# Improper canning techinques being taught?



## Kristinemomof3 (Sep 17, 2012)

There is a local produce farm that is offering canning classes, if you can view this, these were pictures they posted today: https://www.facebook.com/smith.indi...72963732793.1073741830.100002302813919&type=1 
It is not safe to turn jars upside down, but they said, this is the way mom used to do it. What the heck!


----------



## PackerBacker (Jul 17, 2013)

What makes it unsafe other then the obvious handling?


----------



## PackerBacker (Jul 17, 2013)

Apparently she is using a steam canner of some sort too which isn't "kosher".


----------



## Saffron (May 24, 2006)

I've always turned fruit or pickles upside down. never had an issue.


----------



## katydidagain (Jun 11, 2004)

I went searching for why this is not proper. Every source I found was talking about ladling hot food into hot jars, adding the lid and turning them upside down. None discussed a HWB or canner. I know many people still do jams/jellies/pickles/relishes without processing which is probably fine due to the high acid and/or sugar content; I learned to make jelly sealed with paraffin so flipping and boiling wasn't an option. I HWB what I put up but honestly don't see how 10 to 15 minutes boil time does anything yet I'm on board. Oh and I do flip my jars for about 10 minutes then flip back and wait for the ping.


----------



## suitcase_sally (Mar 20, 2006)

katydidagain said:


> I HWB what I put up but honestly _don't see how 10 to 15 minutes boil time_ does anything yet I'm on board.
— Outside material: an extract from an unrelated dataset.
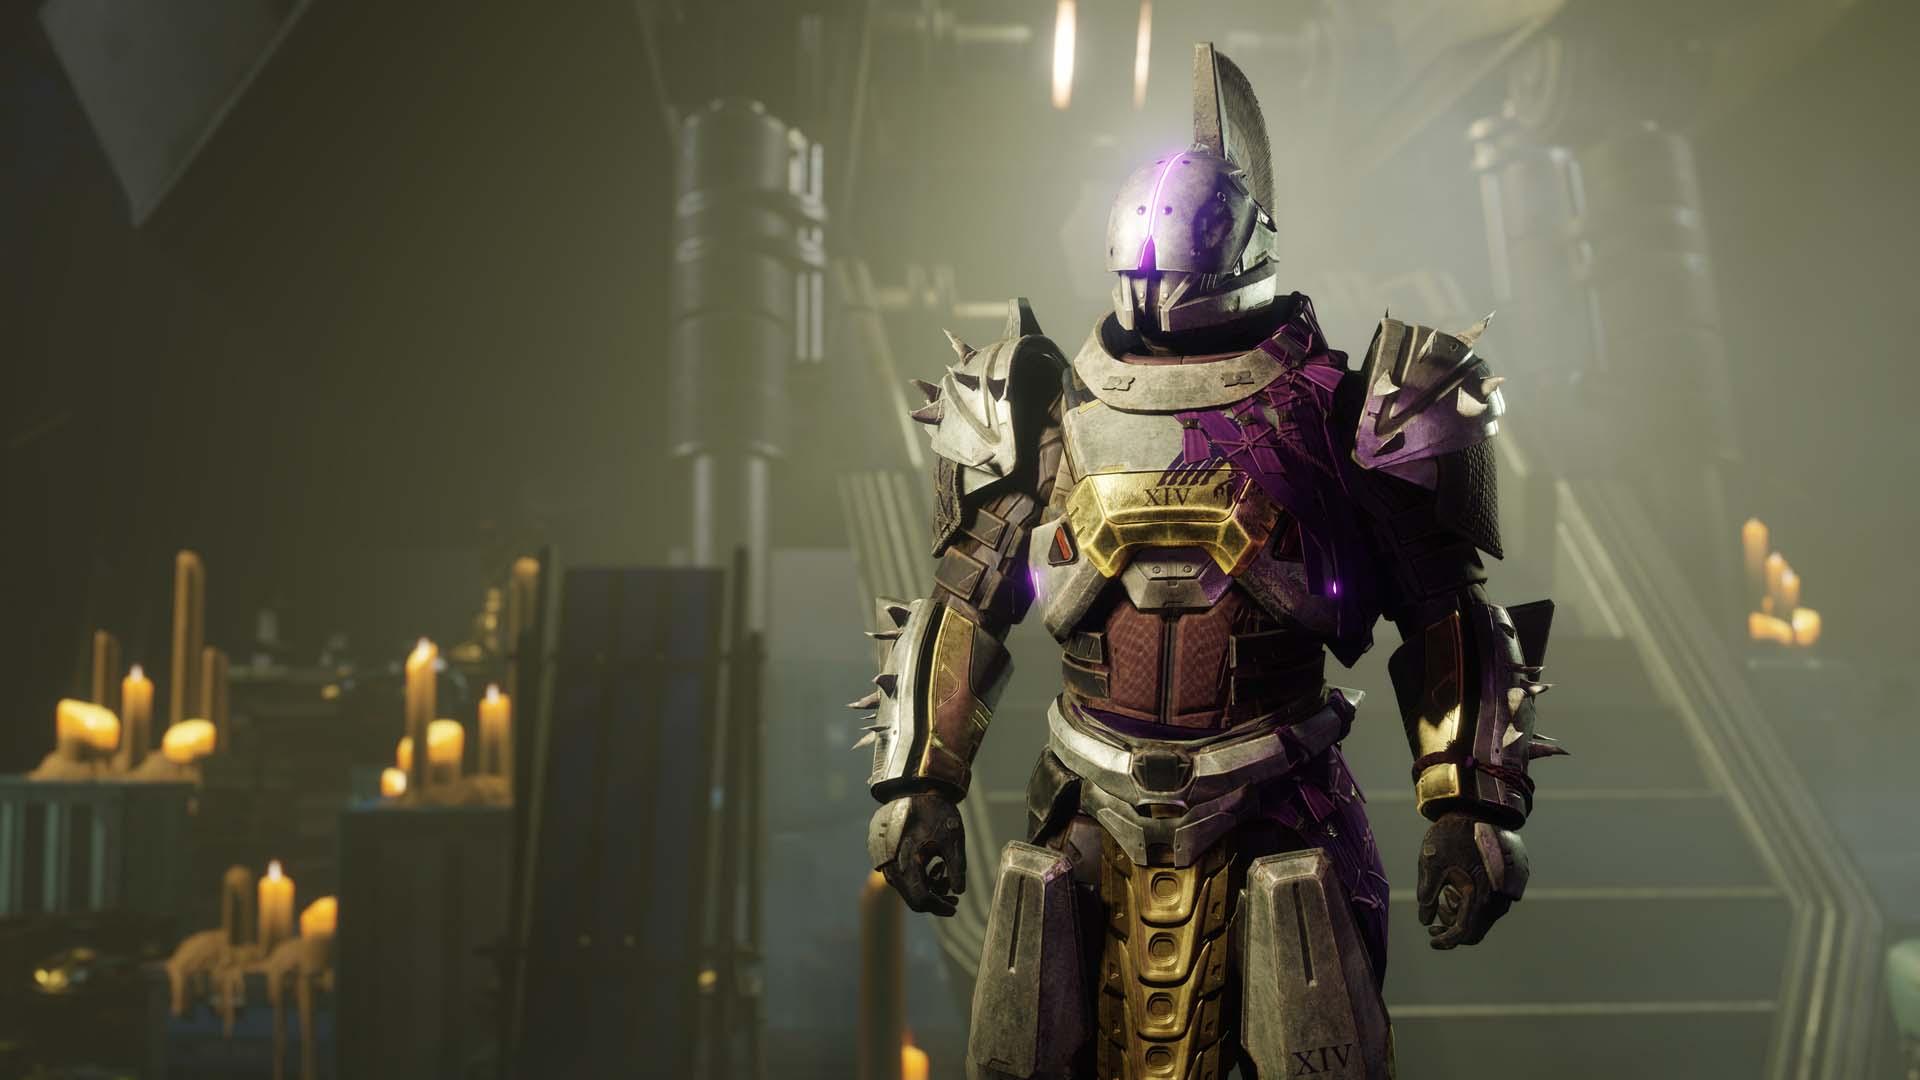 Saint-14 Destiny 2 Season of Dawn

The reason for the 10-15 minutes boil time is to exhaust the air in the jar so it will pull a vacuum and seal.

For those that don't water bath their jellies and such, turning the jar upside down allows the hot jelly to kill any spores that may be on the lid. It doesn't do anything for sealing.


----------



## Werforpsu (Aug 8, 2013)

I know a few people who turn their jars upside down in various situations, but I don't because I taught myself to can and the book didn't say to do it.

I think that there are things which people did 50 or 100 years ago and if you are using Grandmas methods, then you might be told to do things that are now considered not correct. I know people who can green beans and meat in HWB. Now you are told not to can those in HWB.


----------



## Osiris (Jun 9, 2010)

Turning them upside down after the HWB also helps keep the fruit chunks from floating to the top such as with strawberry jam. I do it all the time. To each their own.


----------



## Canning Girl (Jan 13, 2010)

The reason not to turn them upside down is that the jars haven't sealed yet, and thus, food could get between the lid and the rim. If it does, you might get a false seal and later on, as the jar sits, it comes loose. I used to do it with jams, too, because Grandma always did it. I have since learned better and have started HWB'ing jams and jellies for 10 minutes. BUT, as was said, to each her own.


----------



## IowaLez (Mar 6, 2006)

As a business, they are being really stupid: showing, instructing, endorsing, or etc unsafe, and out of date, canning methods to unsuspecting customers who may not know any better. 

It's not so much about turning the jars upside down. That is best done AFTER the jars are sealed, otherwise the seal of rim to lid could be ruined, like CanningGirl said. It's about them using poor judgement as business owners, putting themselves at risk by being unbelievably stupid. Steam canning is not a proper canning method. I hope they have good liability insurance covering them, but if it were me, I wouldn't do this to myself.

Unsafe methods taught by them=customer illness= liability lawsuit=judgment= bankrupt= gone out of business.

All of that easily avoided.


----------



## suitcase_sally (Mar 20, 2006)

You didn't like the show, IowaLez?


----------



## Osiris (Jun 9, 2010)

IowaLez said: "....Unsafe methods taught by them=customer illness= liability lawsuit=judgment= bankrupt= gone out of business...."

Agreed and considering it's a TV show, I'd render a guess it's being done deliberately to cause those things and ultimately to bring on legislation against home canning. That would not surprise me at all. Anything to force the sheep to the feed trough.

I was waiting for a ban on pressure canners after the Boston thingy!


----------



## katydidagain (Jun 11, 2004)

Osiris said:


> I was waiting for a ban on pressure canners after the Boston thingy!


Heck, I thought it was a pressure cooker in Boston; mine is hidden.


----------